Activity
Nothing but the lines from the one containing "Peter und Paul, heiliger" to the end of the data should be copied, exactly, and the pictures stay out.

Data provided
-*-*-

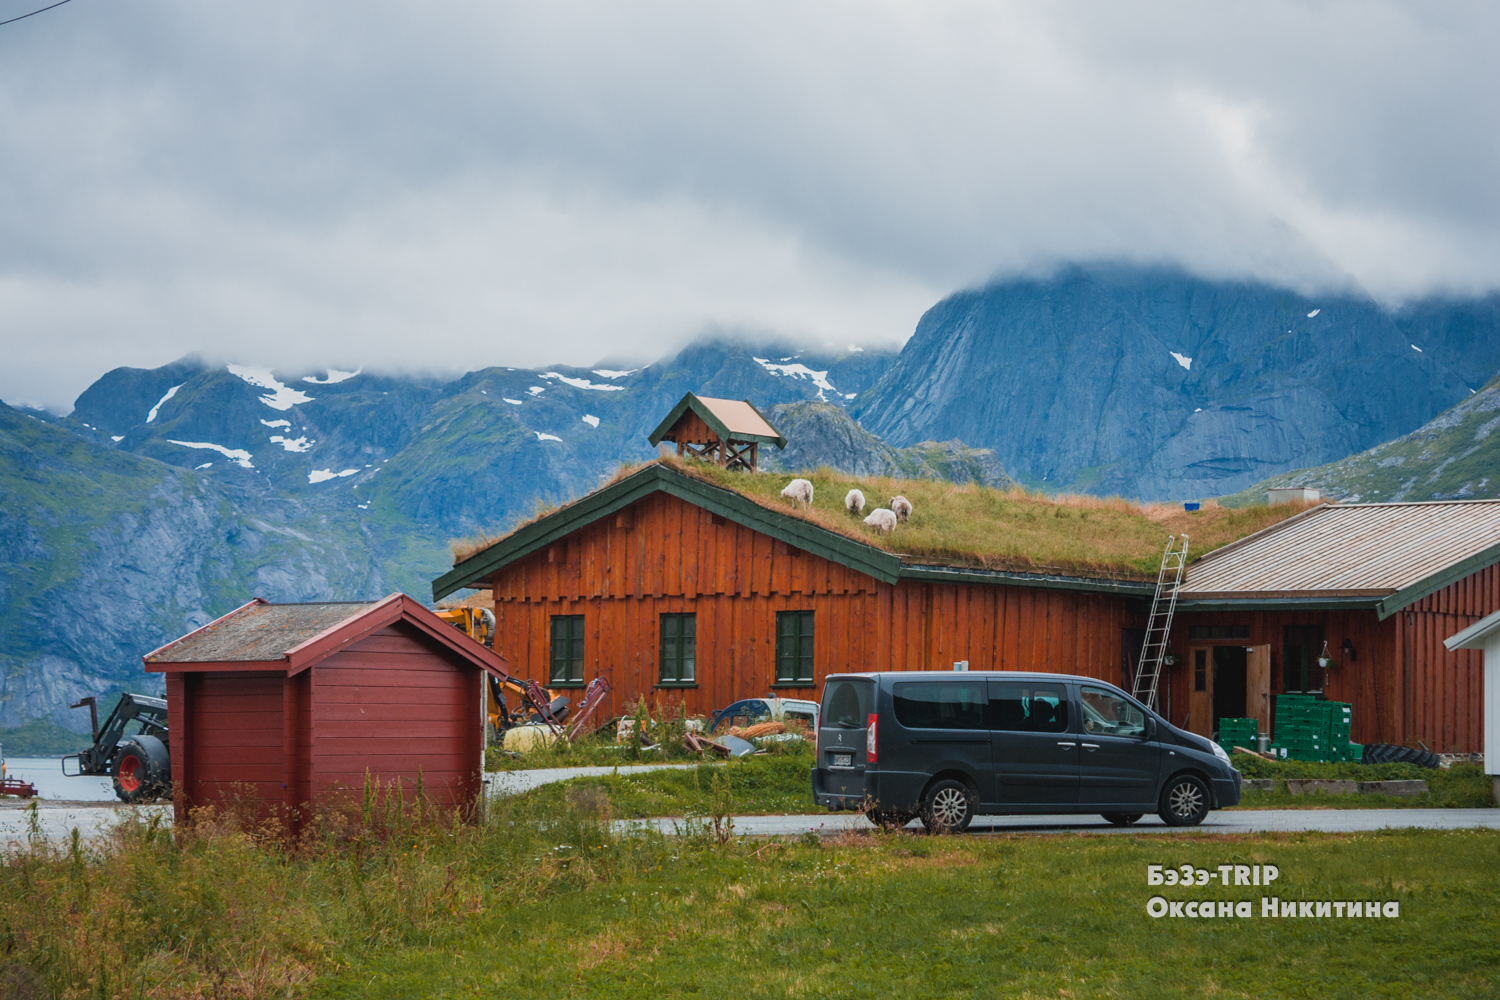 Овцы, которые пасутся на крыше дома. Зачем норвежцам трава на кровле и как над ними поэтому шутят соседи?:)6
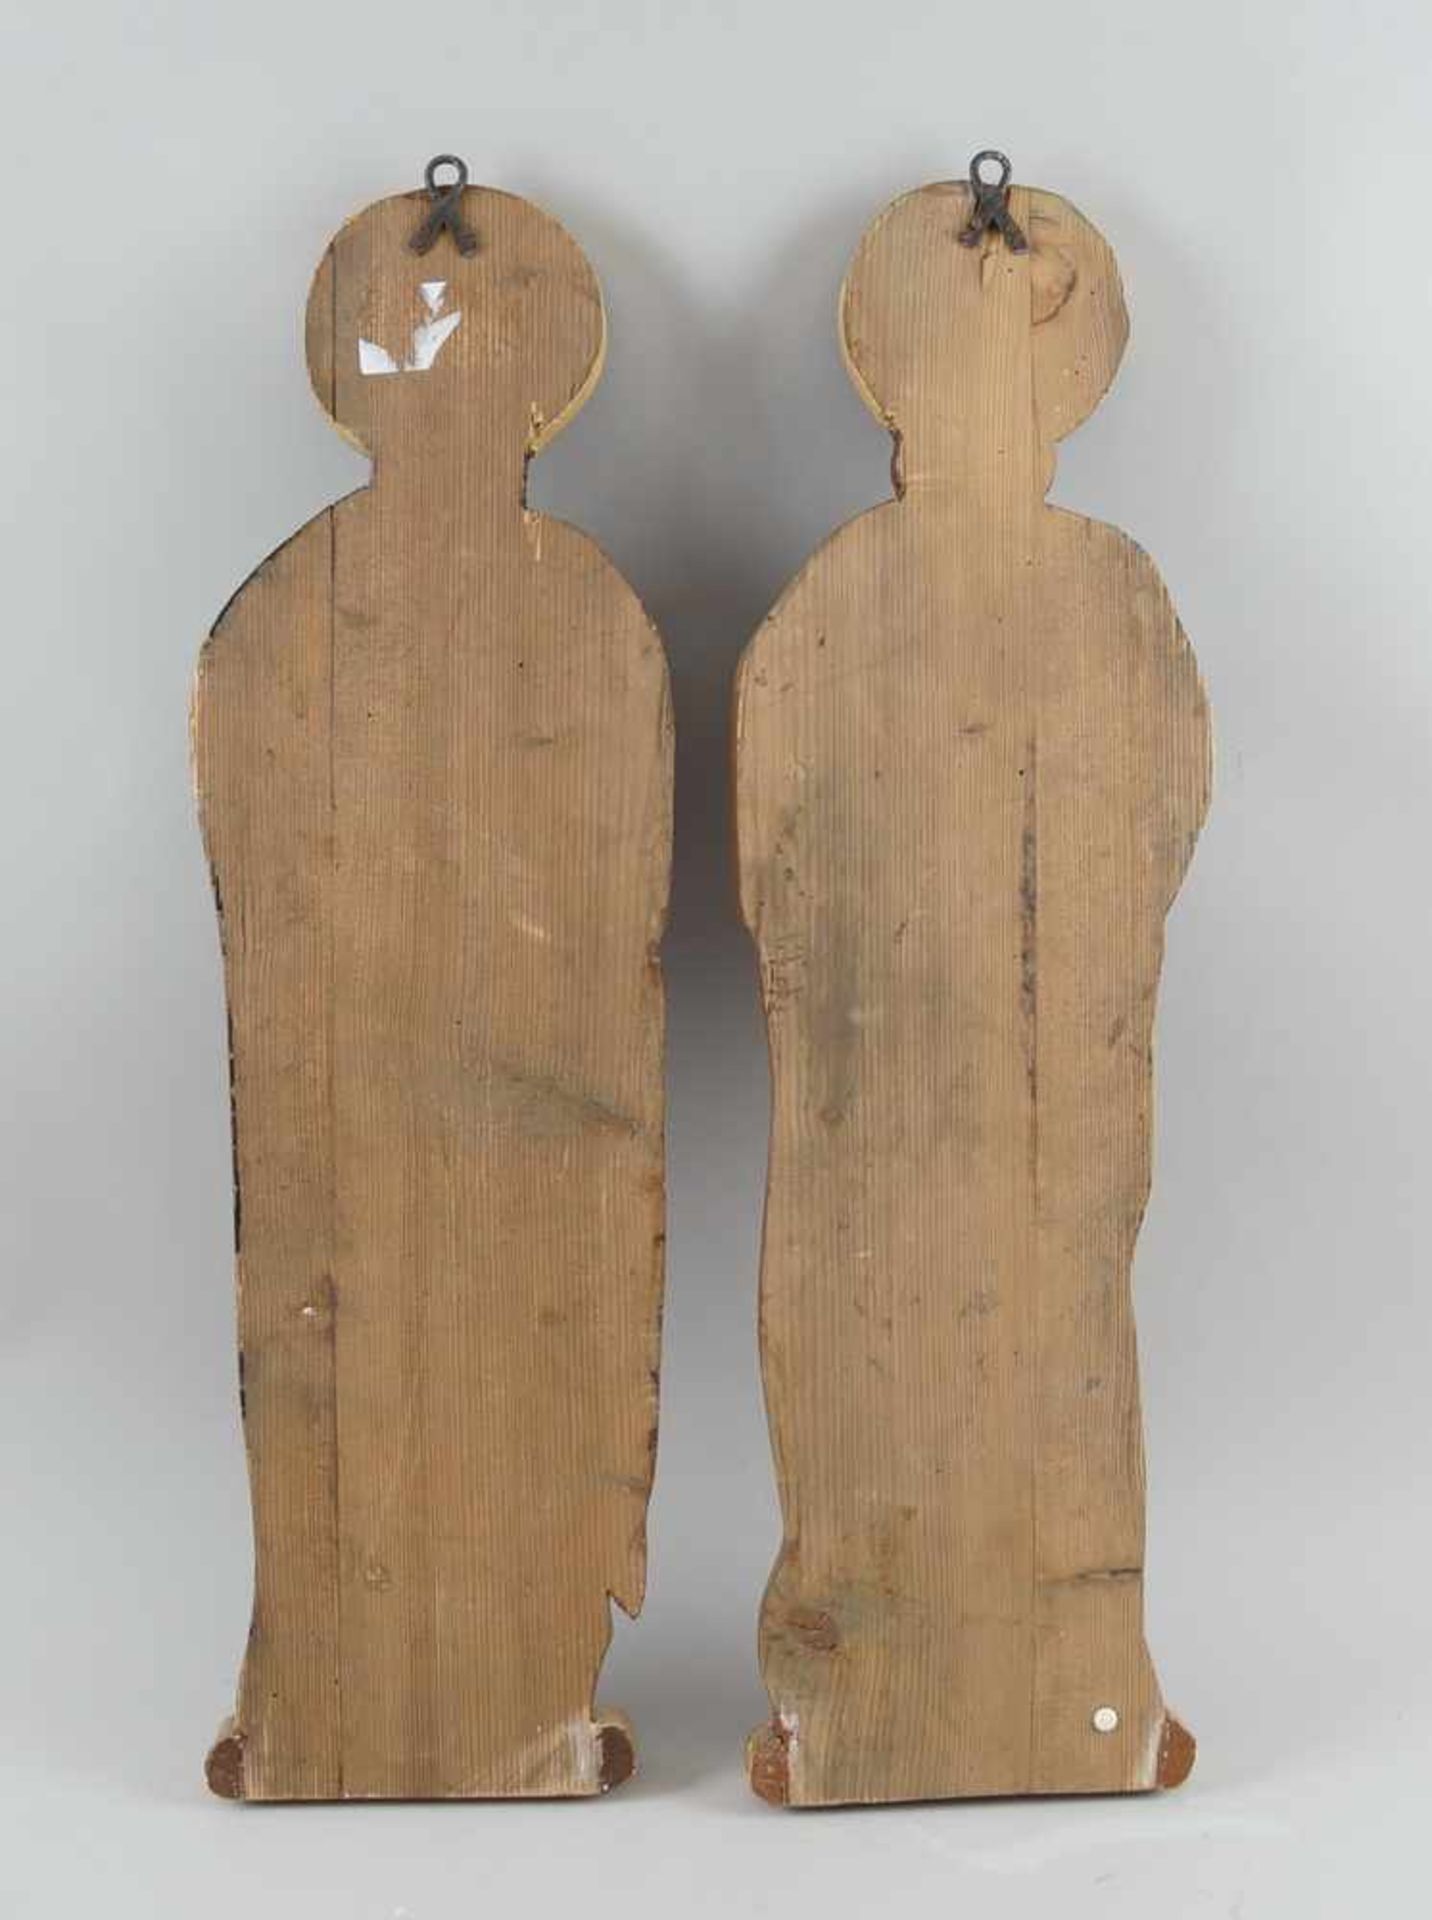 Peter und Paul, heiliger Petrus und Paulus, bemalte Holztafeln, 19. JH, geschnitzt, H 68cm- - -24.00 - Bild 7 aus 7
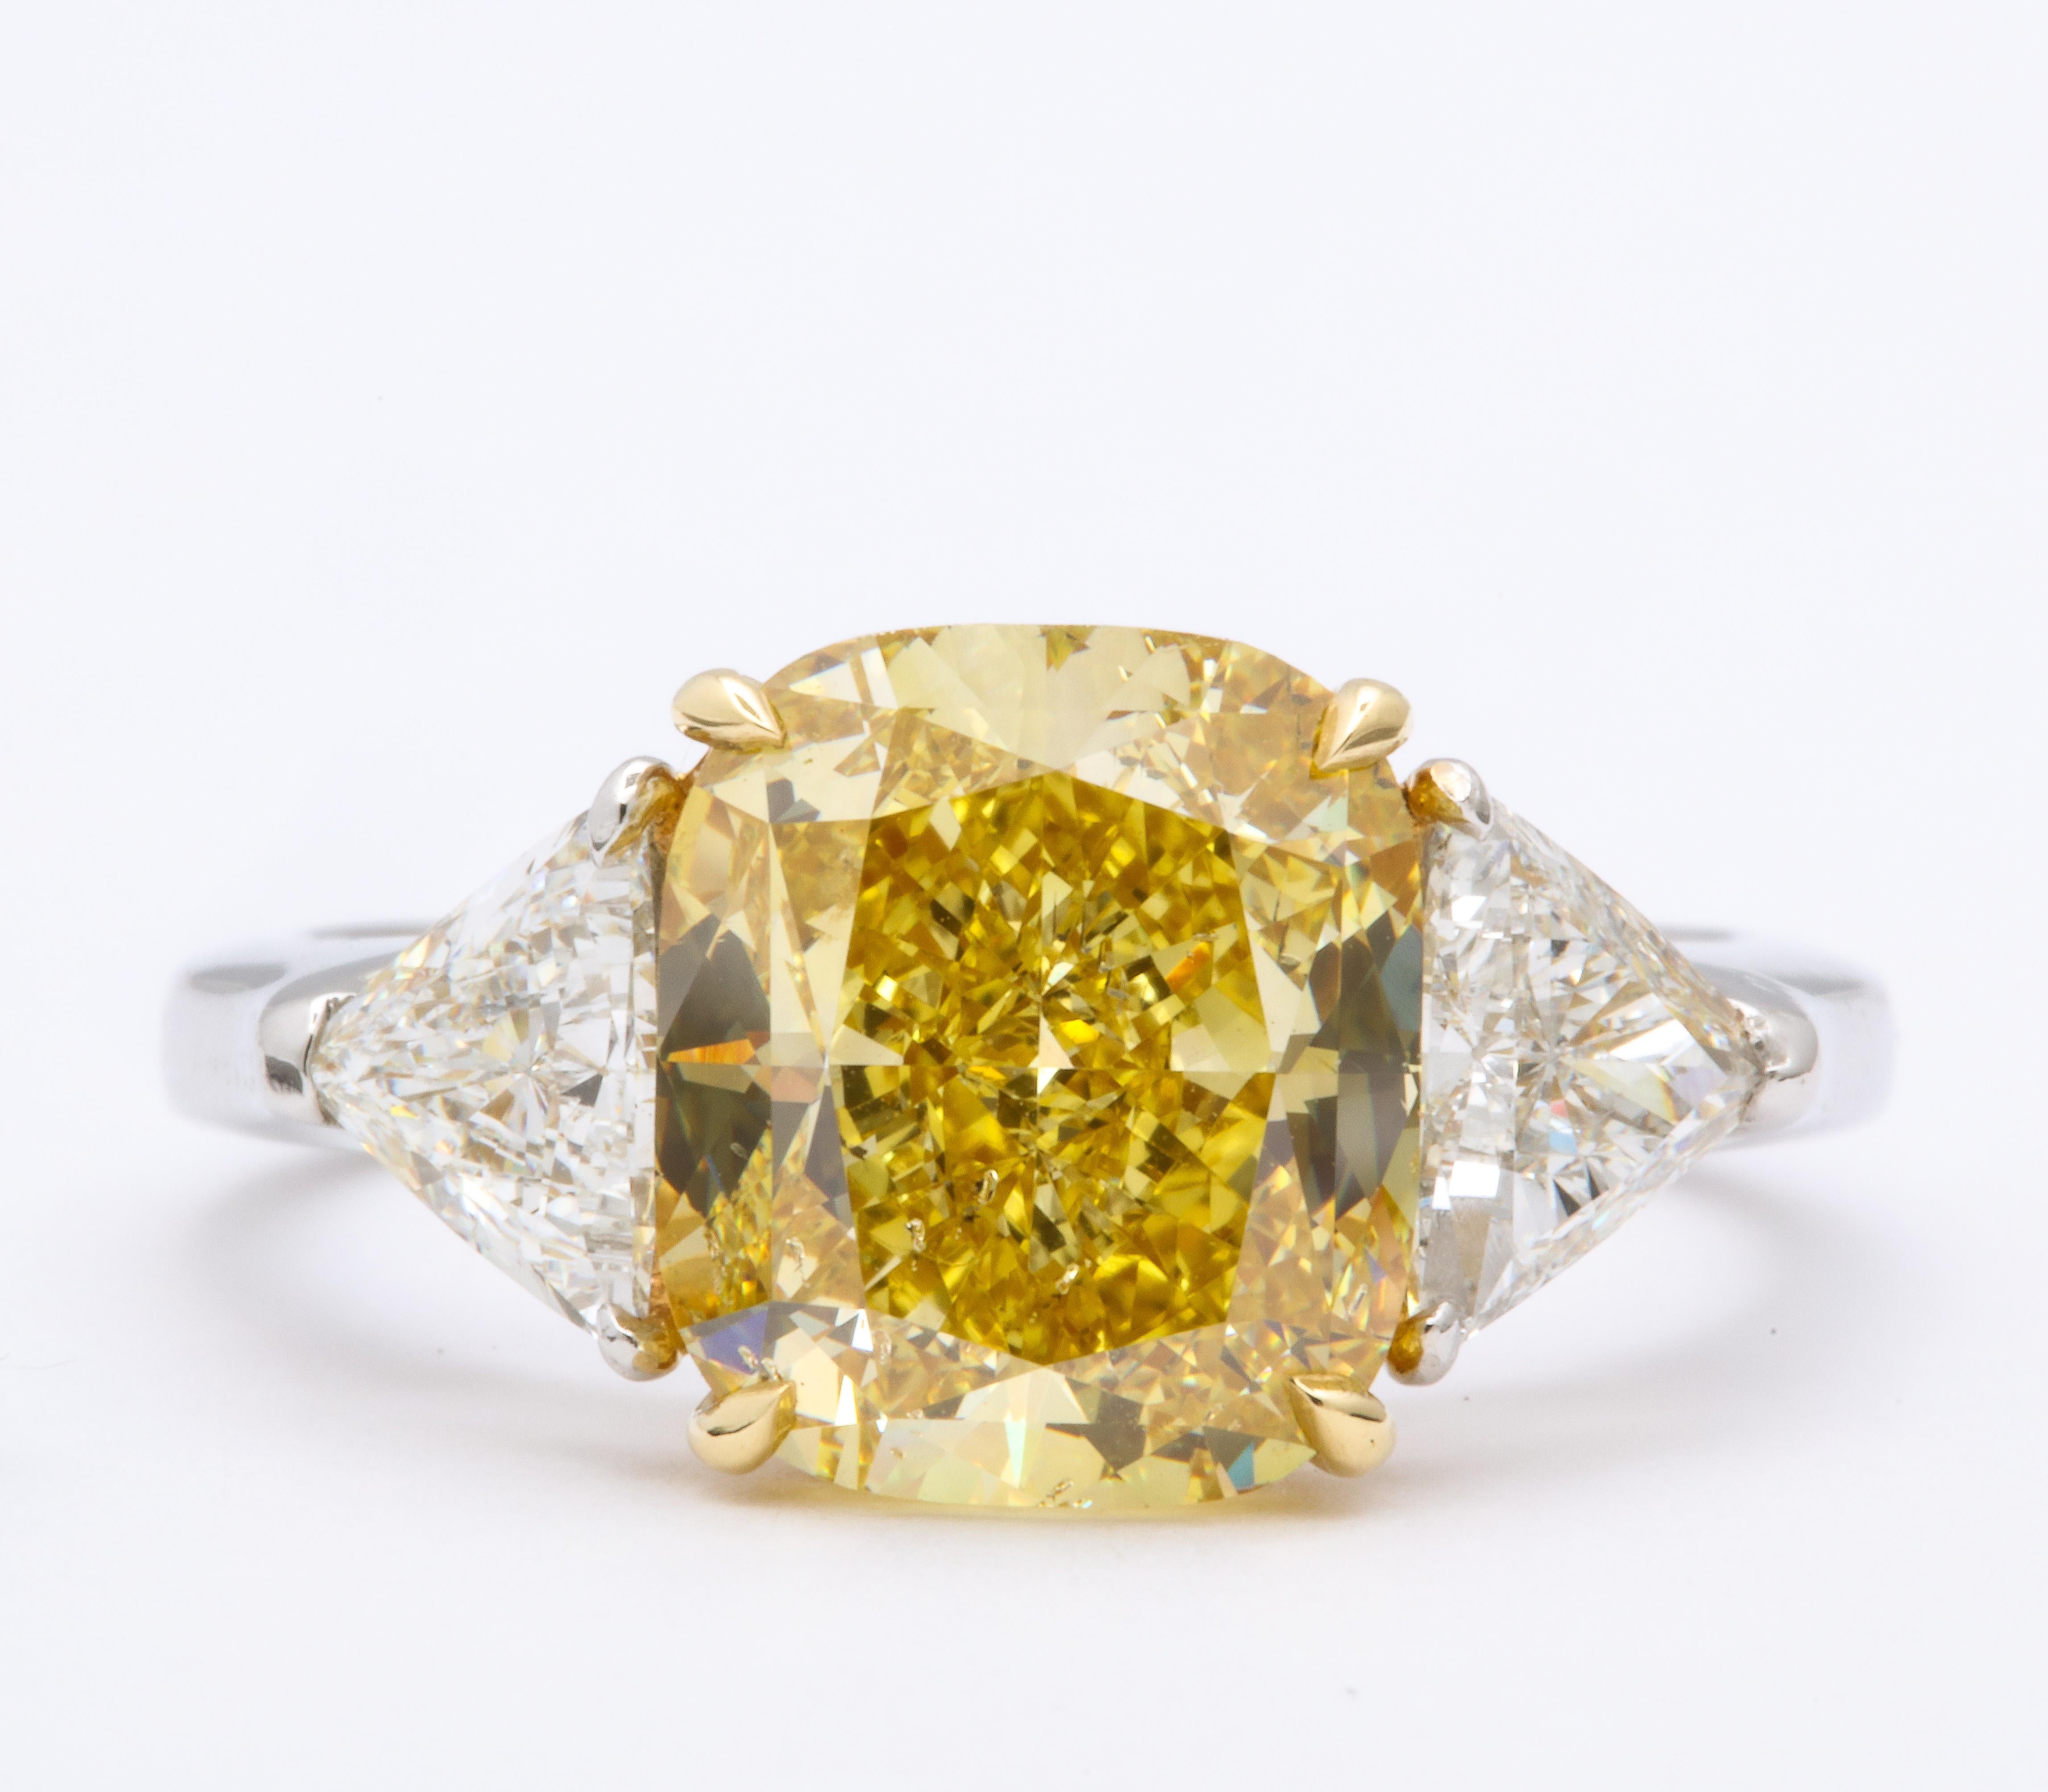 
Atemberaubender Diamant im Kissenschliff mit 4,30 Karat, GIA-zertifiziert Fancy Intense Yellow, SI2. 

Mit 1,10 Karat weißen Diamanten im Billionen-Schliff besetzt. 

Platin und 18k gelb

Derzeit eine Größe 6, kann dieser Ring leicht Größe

-*-*-

Exercise solution
 Peter und Paul, heiliger Petrus und Paulus, bemalte Holztafeln, 19. JH, geschnitzt, H 68cm- - -24.00 - Bild 7 aus 7
Atemberaubender Diamant im Kissenschliff mit 4,30 Karat, GIA-zertifiziert Fancy Intense Yellow, SI2. 

Mit 1,10 Karat weißen Diamanten im Billionen-Schliff besetzt. 

Platin und 18k gelb

Derzeit eine Größe 6, kann dieser Ring leicht Größe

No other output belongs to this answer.